Does anyone yet have any input on the idea of using the Leader's collection 
name in Leader/Follower replication (or pre-Solr8.7 Master/Slave replication), 
rather than the core name?

-----Original Message-----
From: Oakley, Craig (NIH/NLM/NCBI) [C] <craig.oak...@nih.gov.INVALID> 
Sent: Thursday, June 3, 2021 10:30 AM
To: users@solr.apache.org
Subject: RE: Cores renamed

As a potential solution, I was wondering about implementing Master/Slave 
replication using the collection name of the Master rather than the core name. 
My initial experiment with this in a test environment seemed to work. Does 
anyone have any input on the idea of using the Master's collection name in 
Master/Slave replication, rather than the core name?

-----Original Message-----
From: Oakley, Craig (NIH/NLM/NCBI) [C] <craig.oak...@nih.gov.INVALID> 
Sent: Wednesday, June 02, 2021 5:46 PM
To: users@solr.apache.org
Subject: RE: Cores renamed

It happened again this morning.

Attached is an excerpt from solr.log (with port #s & IP addresses redacted) and 
below is the current CLUSTERSTATUS (with port #s redacted)

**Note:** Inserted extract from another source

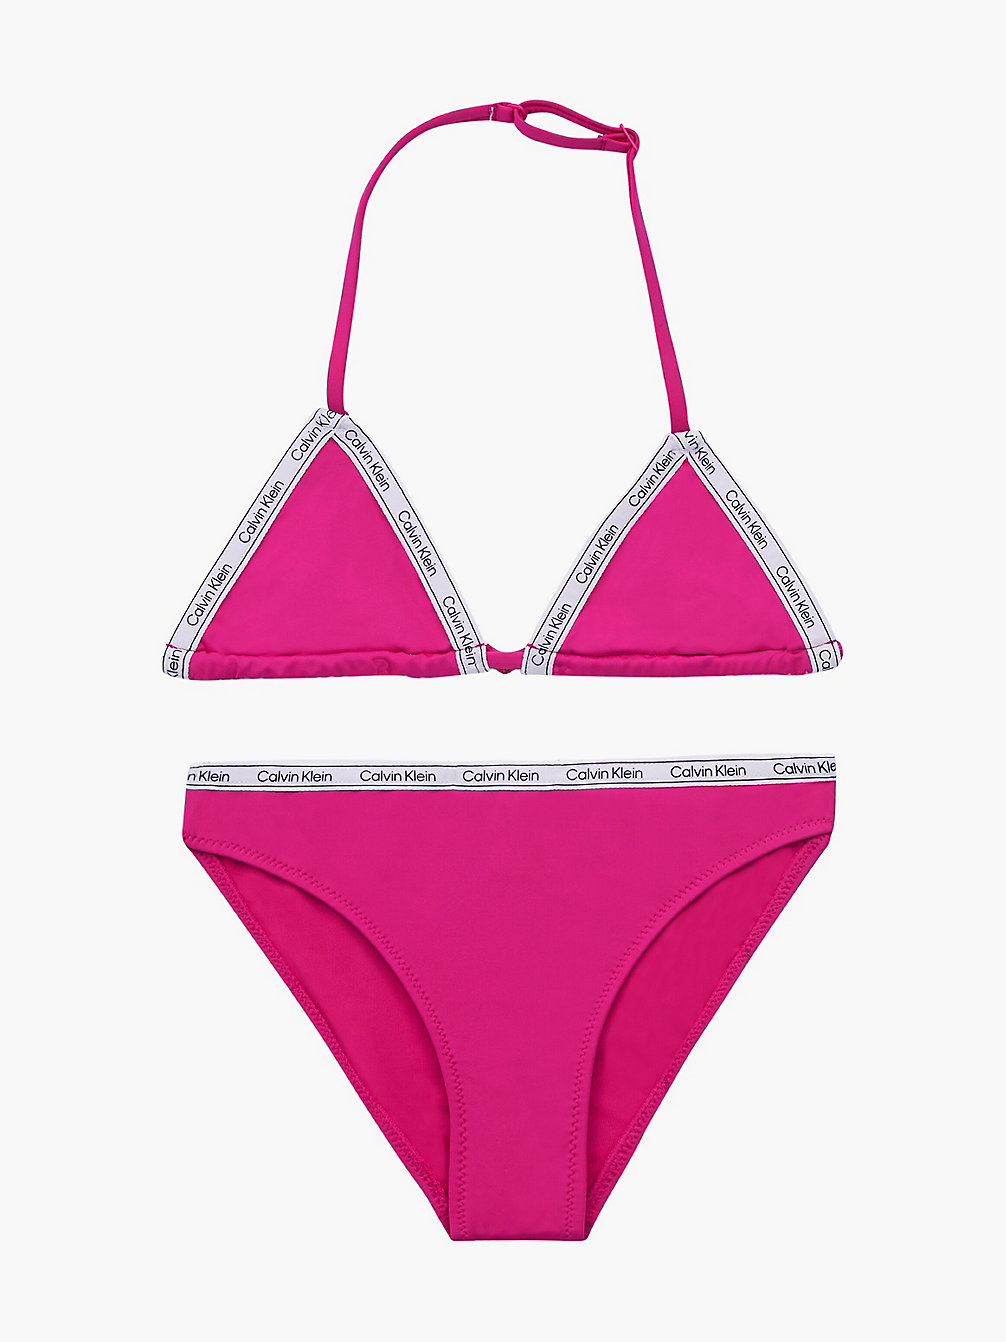 ROYAL PINK > Bikini-Set Mit Triangel-Top Für Mädchen - Logo Tape > undefined girls - Calvin Klein

Is there yet any explanation?

{
  "responseHeader":{
    "status":0,
    "QTime":10},
  "cluster":{
    "collections":{
      "ipg_report_large":{
        "pullReplicas":"0",
        "replicationFactor":"1",
        "shards":{"shard1":{
            "range":"80000000-7fffffff",
            "state":"active",
            "replicas":{
              "core_node8":{
                "core":"ipg_report_large_shard1_replica_n7",
                "base_url":"http://solrdbprod26.be-md:####/solr";,
                "node_name":"solrdbprod26.be-md:####_solr",
                "state":"active",
                "type":"NRT",
                "force_set_state":"false",
                "leader":"true"},
              "core_node10":{
                "core":"ipg_report_large_shard1_replica_n9",
                "base_url":"http://solrdbprod25.be-md:####/solr";,
                "node_name":"solrdbprod25.be-md:####_solr",
                "state":"active",
                "type":"NRT",
                "force_set_state":"false"}}}},
        "router":{"name":"compositeId"},
        "maxShardsPerNode":"1",
        "autoAddReplicas":"false",
        "nrtReplicas":"1",
        "tlogReplicas":"0",
        "znodeVersion":741,
        "configName":"ipg_report_large"}},
    "live_nodes":["solrdbprod26.be-md:####_solr",
      "solrdbprod25.be-md:####_solr"]}}

-----Original Message-----
From: Oakley, Craig (NIH/NLM/NCBI) [C] <craig.oak...@nih.gov.INVALID> 
Sent: Monday, May 17, 2021 5:01 PM
To: users@solr.apache.org
Subject: RE: Cores renamed

The entire directory for the old core gets removed

Here is CLUSTERSTATUS (again with port numbers redacted). I ran CLUSTERSTATUS 
on both nodes, and the only difference was QTime (that is, there was no real 
difference):

{
  "responseHeader":{
    "status":0,
    "QTime":5},
  "cluster":{
    "collections":{
      "ipg_report_large":{
        "pullReplicas":"0",
        "replicationFactor":"1",
        "shards":{"shard1":{
            "range":"80000000-7fffffff",
            "state":"active",
            "replicas":{
              "core_node4":{
                "core":"ipg_report_large_shard1_replica_n3",
                "base_url":"http://solrdbprod26.be-md:####/solr";,
                "node_name":"solrdbprod26.be-md:####_solr",
                "state":"active",
                "type":"NRT",
                "force_set_state":"false"},
              "core_node6":{
                "core":"ipg_report_large_shard1_replica_n5",
                "base_url":"http://solrdbprod25.be-md:####/solr";,
                "node_name":"solrdbprod25.be-md:####_solr",
                "state":"active",
                "type":"NRT",
                "force_set_state":"false",
                "leader":"true"}}}},
        "router":{"name":"compositeId"},
        "maxShardsPerNode":"1",
        "autoAddReplicas":"false",
        "nrtReplicas":"1",
        "tlogReplicas":"0",
        "znodeVersion":710,
        "configName":"ipg_report_large"}},
    "live_nodes":["solrdbprod26.be-md:####_solr",
      "solrdbprod25.be-md:####_solr"]}}

-----Original Message-----
From: matthew sporleder <msporle...@gmail.com> 
Sent: Monday, May 17, 2021 4:34 PM
To: users@solr.apache.org
Subject: Re: Cores renamed

Can you verify all of your zkHost connection params across the entire
cluster, and share the replicationFactor, autoAddReplicas, etc for the
collection?

My theory is that you have two zookeeper configs conflicting as master
elections happens, causing new replicas to get created on-the-fly.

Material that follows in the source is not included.